Here is what I tried:

Let $\angle PAB=\angle PBC=x$. Let $\angle CAB=\angle CBA=A\implies\angle CAP=\angle ABP=A-x$ Working backwards, if $\angle APM+\angle BPC=180^{\circ}$, then $\sin\angle APM=\sin\angle BPC$. By Sine Law on $\triangle BPC,\triangle APM$, $\sin\angle APM=\frac{AM\sin x}{PM},\sin\angle BPC=\frac{BC\sin x}{PC}$. Setting these equal and canceling, we get $\frac{AM}{PM}=\frac{BC}{PC}$, so if we can prove that, then we are done. I tried plugging in $BM$ for $AM$ (since $M$ is the midpoint), which gives $\frac{BM}{PM}=\frac{BC}{PC}$ and can be rearranged to $\frac{BM}{BC}=\frac{PM}{PC}$. Let $BP\cap CM=Q$. Using Sine Law again on $\triangle BCM,\triangle BMQ, \triangle BCQ$, we can write $\frac{BM}{BC}=\frac{PM}{PC}\implies\frac{QM\sin x}{QC\sin(A-x)}=\frac{QM\sin\angle QAC}{QC\sin\angle QPM}$, so $\frac{\sin x}{\sin(A-x)}=\frac{\sin\angle QAC}{\sin\angle QPM}$. If any of the ratios I got could be proven then we would be done.

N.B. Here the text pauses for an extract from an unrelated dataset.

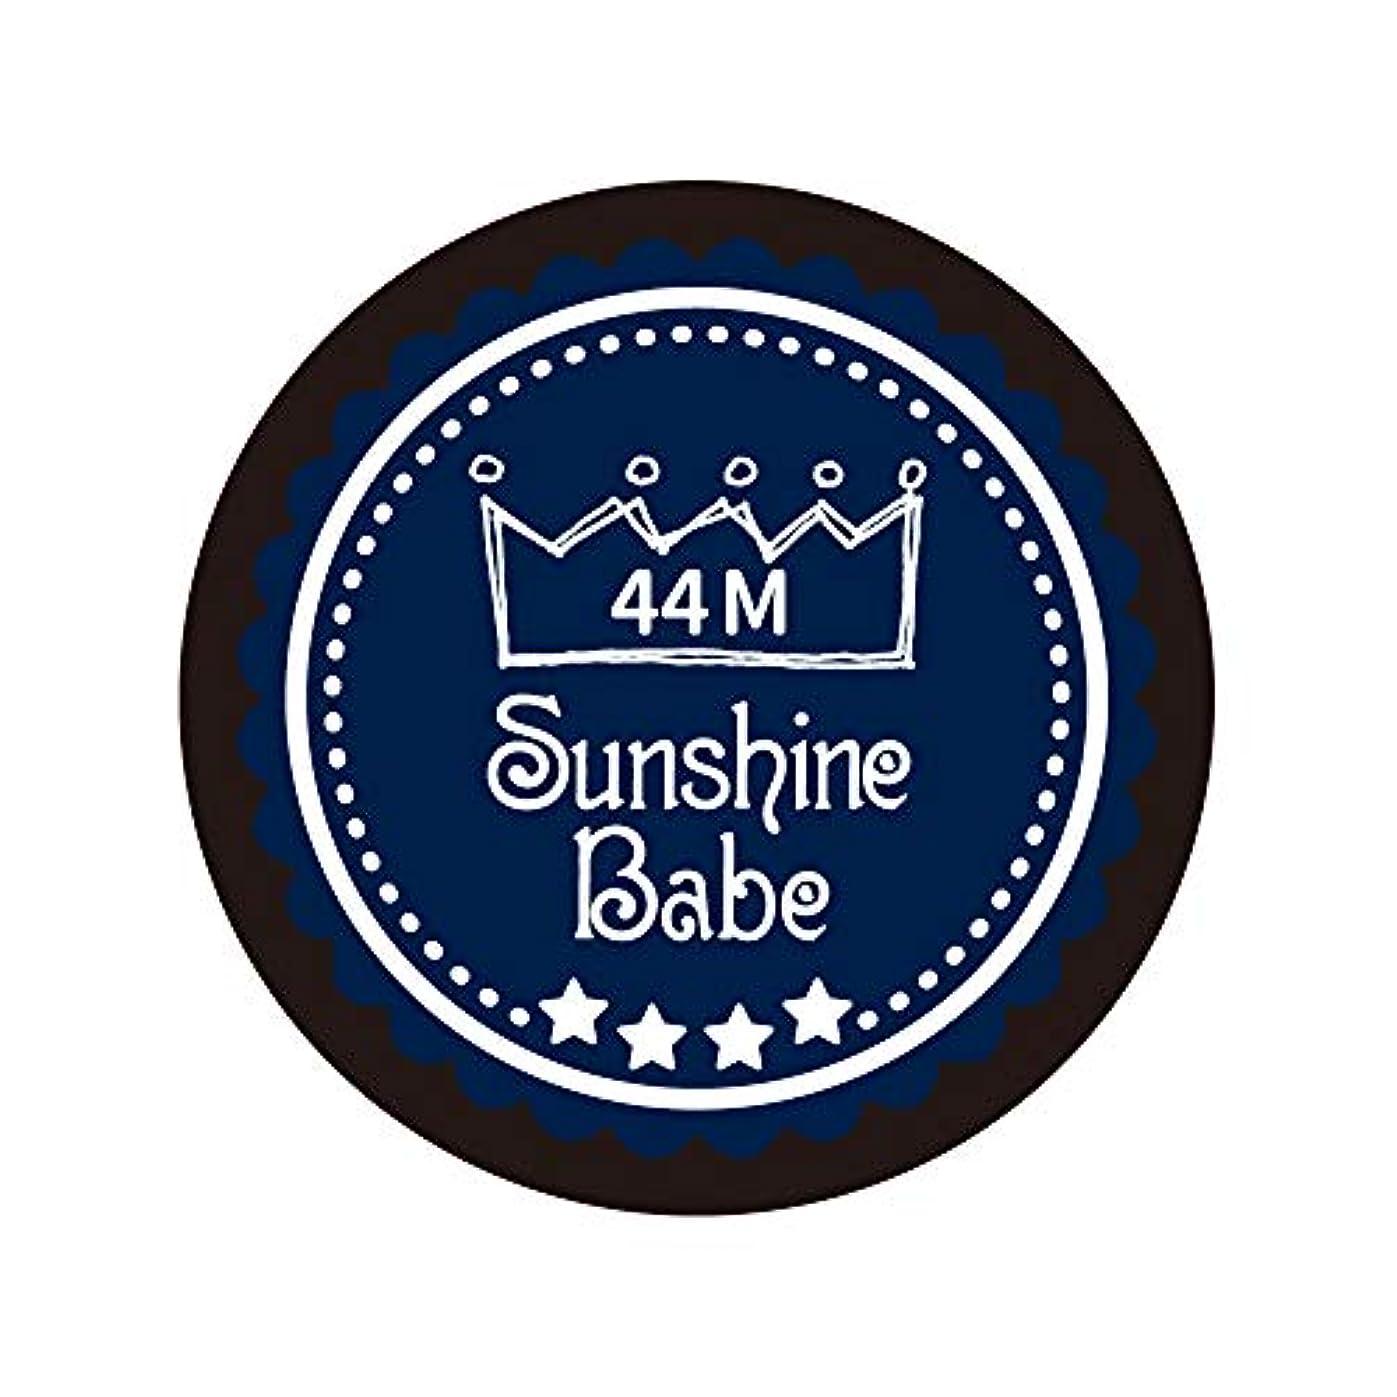 データベース入浴配るSunshine Babe カラージェル 44M クラシックネイビー 4g UV/LED対応

Also, I found this problem in a handout on the symmedian lemma: In $\triangle ABC$, let the intersection of the tangents to the circumcircle through $B,C$ respectively be $D$. Then $AD$ coincides with the $A$-symmedian. I was wondering if that leads to a shorter solution, but I think my law of sines solution eventually leads to something provable.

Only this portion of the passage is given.